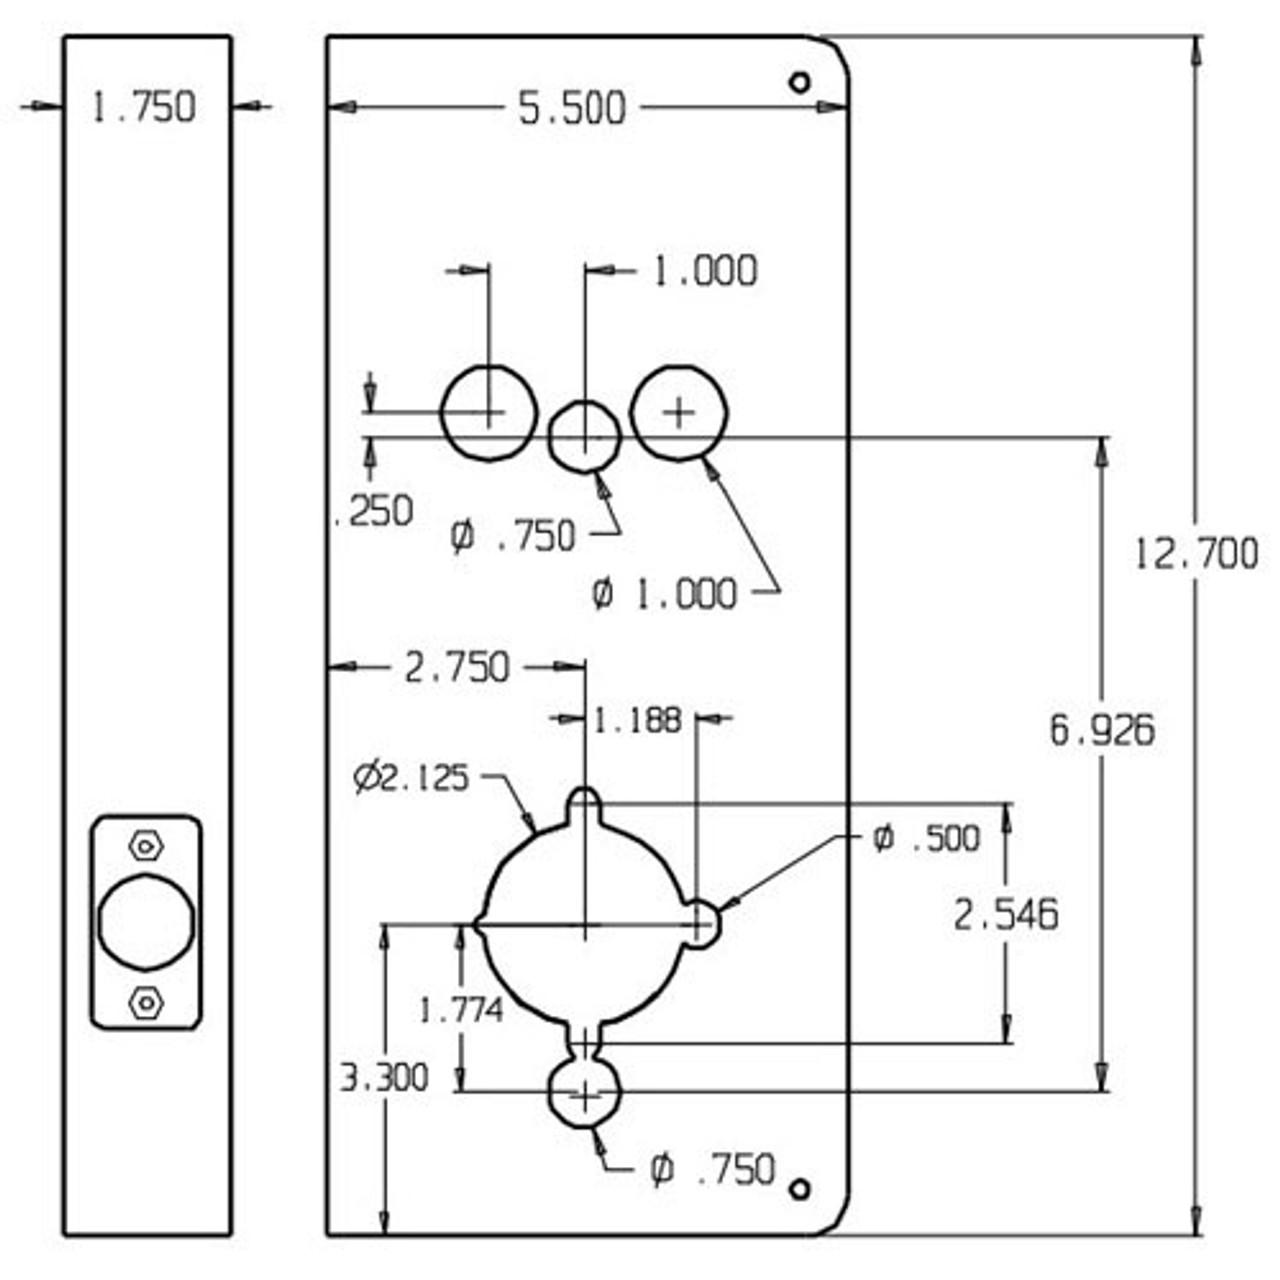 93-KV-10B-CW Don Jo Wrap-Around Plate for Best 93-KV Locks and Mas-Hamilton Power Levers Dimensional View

==

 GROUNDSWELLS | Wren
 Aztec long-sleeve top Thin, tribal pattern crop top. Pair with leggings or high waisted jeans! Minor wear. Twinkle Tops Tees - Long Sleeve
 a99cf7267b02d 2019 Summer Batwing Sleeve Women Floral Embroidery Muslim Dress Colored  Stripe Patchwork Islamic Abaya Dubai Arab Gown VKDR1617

- **Task prompt**
Lines above that include the string "Sleeve" need to be copied.

- **Exercise output**
 Aztec long-sleeve top Thin, tribal pattern crop top. Pair with leggings or high waisted jeans! Minor wear. Twinkle Tops Tees - Long Sleeve
 a99cf7267b02d 2019 Summer Batwing Sleeve Women Floral Embroidery Muslim Dress Colored  Stripe Patchwork Islamic Abaya Dubai Arab Gown VKDR1617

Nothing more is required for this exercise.